If sin() were pure, the following assert would not fail:
#include <fenv.h> #include <math.h> #include <assert.h> #include <stdio.h> int main() { float a; float b; float c = 27.427896; fesetround(FE_DOWNWARD); a = sin(c); printf("%f\n", sin(c)); fesetround(FE_UPWARD); b = sin(c); printf("%f\n", sin(c)); assert(a == b); // this assert fails since sin depends on IEEE rounding mode. return 0; }
As sin() depends on external state, it should not be listed under "pure functions".
C++ constexpr
editconstexpr is not an indicator of "optimizable" purity. In particular, templated constexpr functions can still call impure functions, and as higher-order functions call other impure functions, so they are not safely optimizable, and as mentioned above, the supposed purity of constexpr is never mentioned in the C++ standard. SlowByte (talk) 20:06, 19 August 2019 (UTC)

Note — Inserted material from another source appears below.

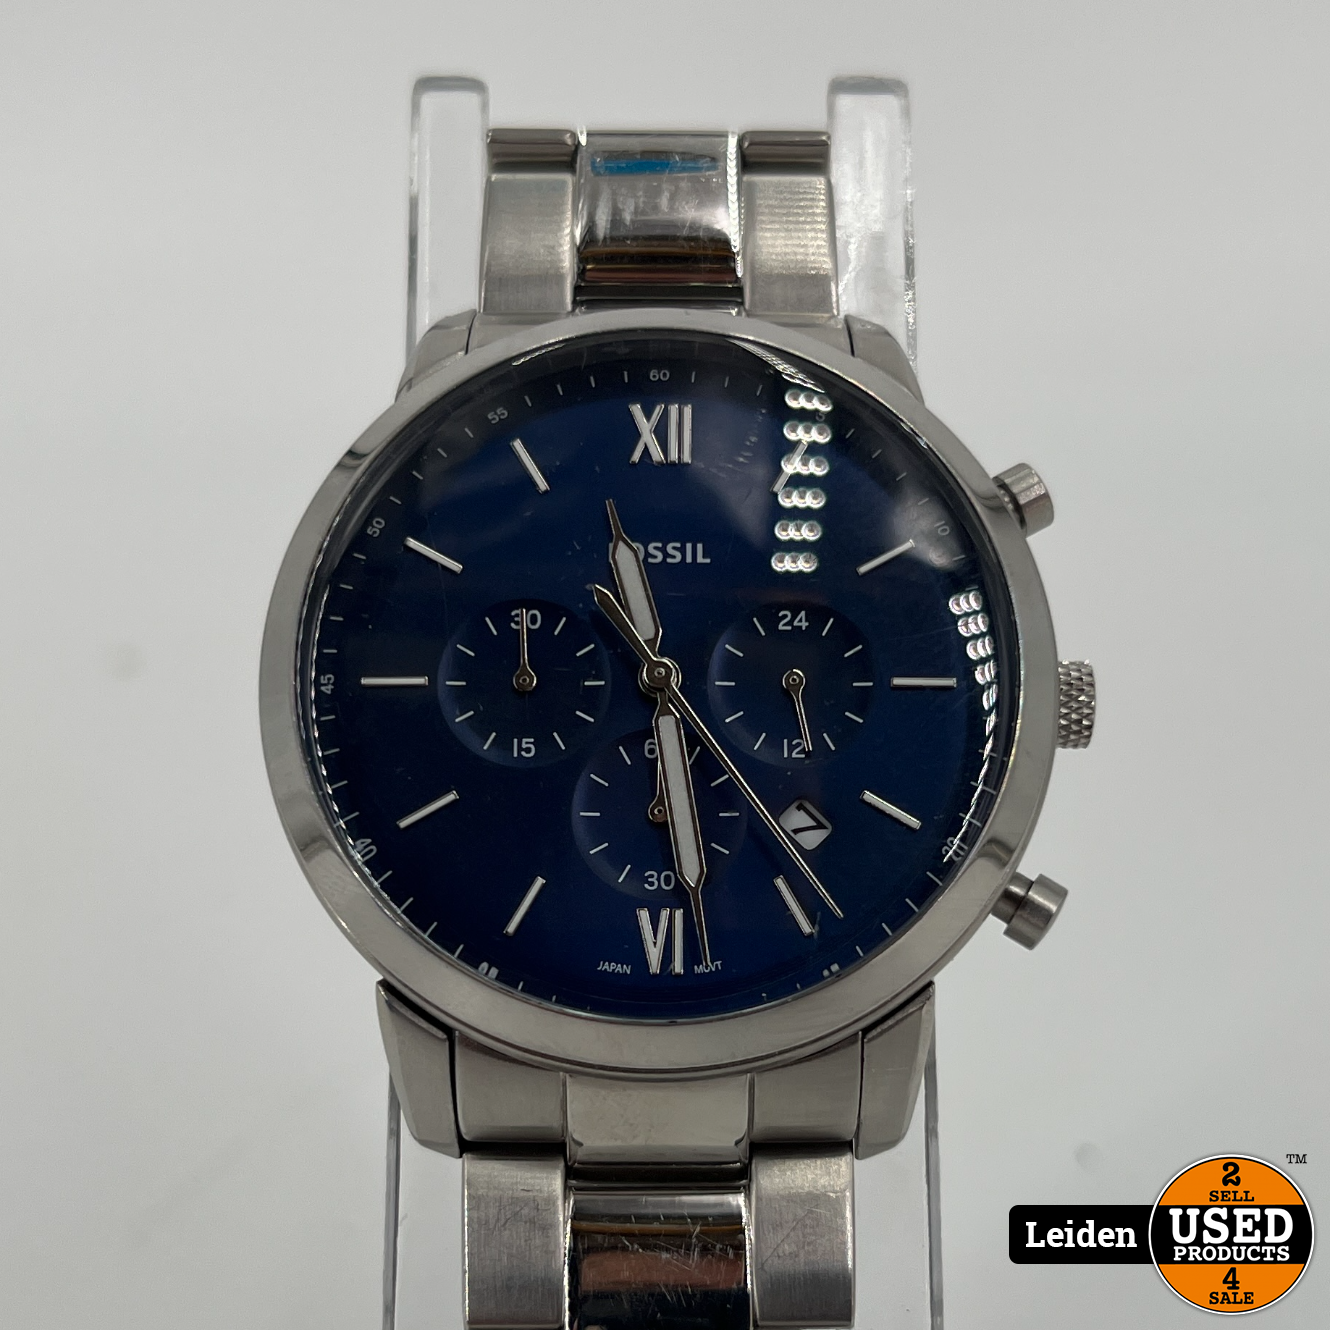 Leiden Horloge Fossil FS5792 - Neutra Chrono Used Products
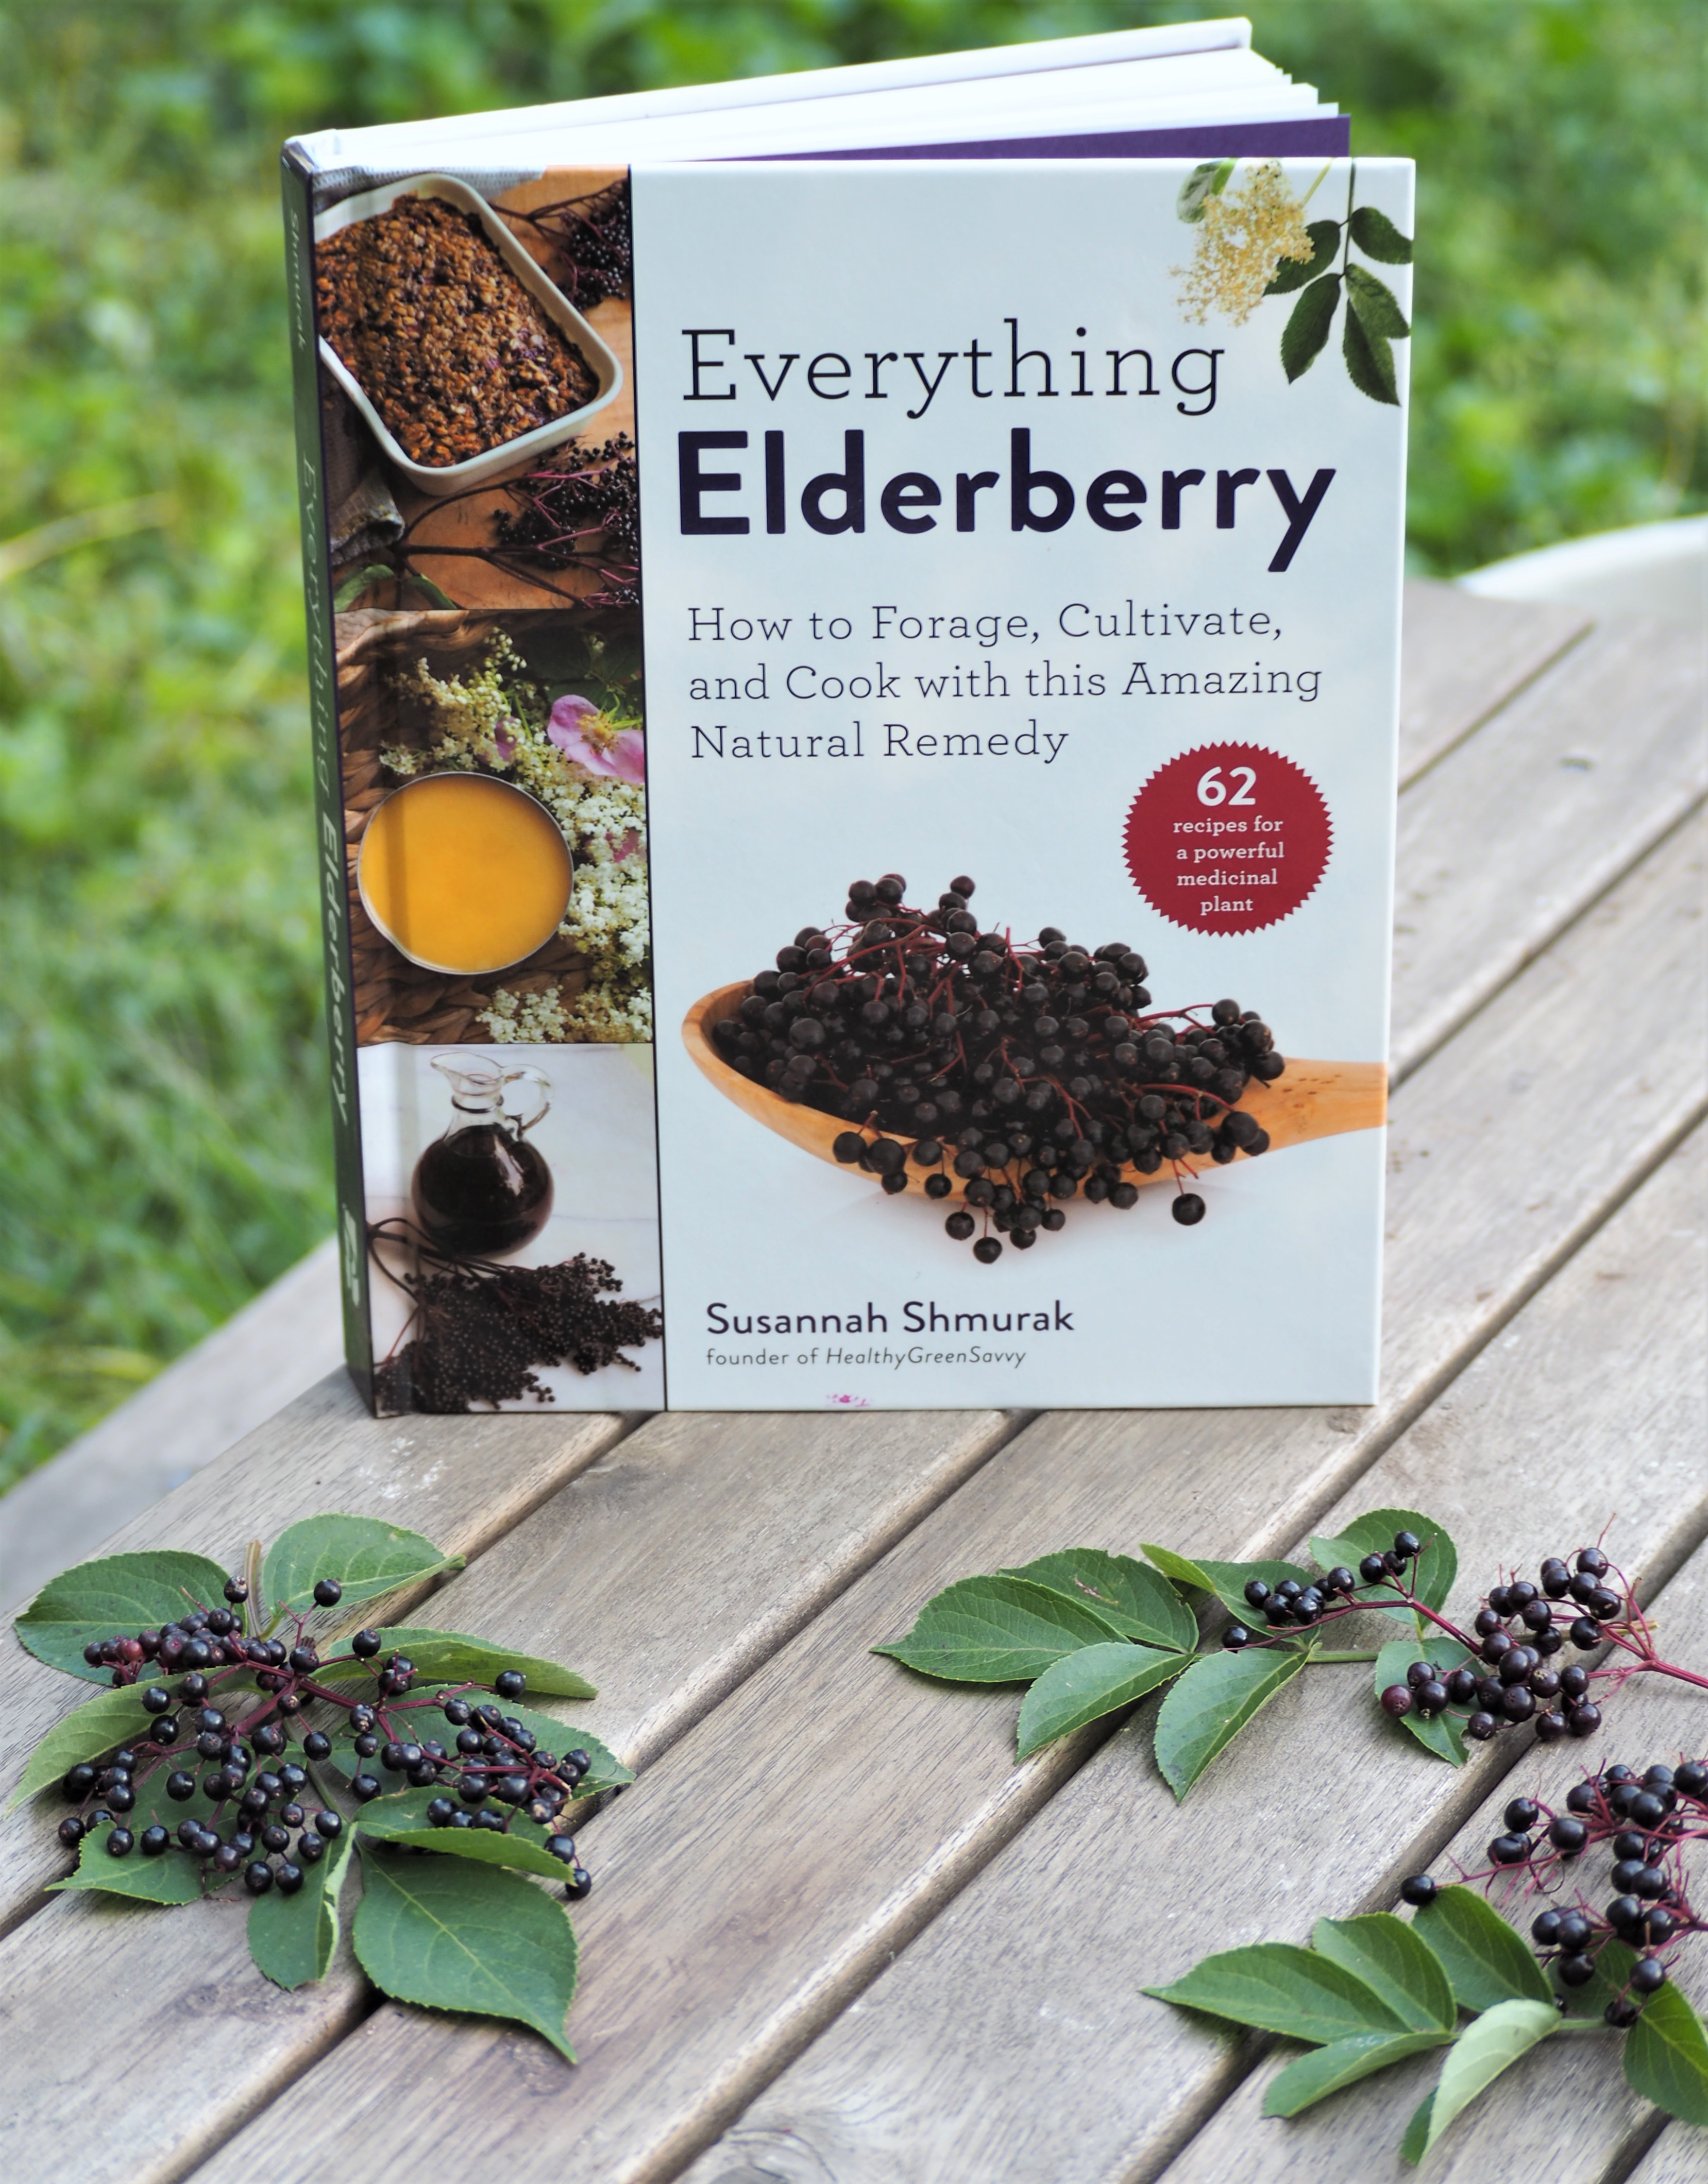 Book with elderberries on table

- Maybe, an appropriate remark or/and an illustrative example should be added in the article, in order to avoid future re-insertion of the sentence you deleted today? - Jochen Burghardt (talk) 19:21, 19 August 2019 (UTC)
As someone mentioned above, I think "compile-time evaluation" is a separate aspect from purity, but not sure how to incorporate this into the article. Also, the article should probably discuss the "transitive" nature of purity, ie. for a function to be pure, all the functions or operations it calls must be pure as well. Leaving it as a TODO...
Here's some valid example C++ code to illustrate the constexpr
point:
#include <iostream>
using namespace std;
int foo()
{
cout << "foo" << endl;
return 2;
}
constexpr int bar(int (*f)())
{
return 1 + f();
}
template <typename T>
constexpr int bar2()
{
return 1 + foo();
}
int main(int, char **)
{
auto n = bar(foo) + bar2<void>();
cout << "bar=" << n << endl;
}
"mutation of a local static variable" example is misleading
editFollowing code snippet has been provided as an example of impure function due to "mutation of a local static variable":
void f() {
static int x = 0;
++x;
}
While this snippet is impure, it's not because of mutating a static, but because it's an UB to overflow a signed integer. It's allowed for pure functions to crash or never return, but they should do this consistently. Given that f()
in example accepts unit type input, it should either always produce UB or never, to be pure.
So, fixing UB,
void f() {
static unsigned int x = 0;
++x;
}
Now, given that overflowing unsigned values is well defined, this snippet is pure. Even despite it's mutating a static, value of x
is unobservable outside of f()
, no other function can read it to change their behavior, so it doesn't objectively exist for the purpose of reasoning about purity.
In the light of things explained above, I'm going to split that example in two. I want to keep an original example with explanation that it's UB that makes it unpure, and provide a counterexample that looks like impure, but is actually pure (but poorly written). Toriningen (talk) 20:30, 5 March 2020 (UTC)
- What is "UB" supposed to mean? - Jochen Burghardt (talk) 20:42, 5 March 2020 (UTC)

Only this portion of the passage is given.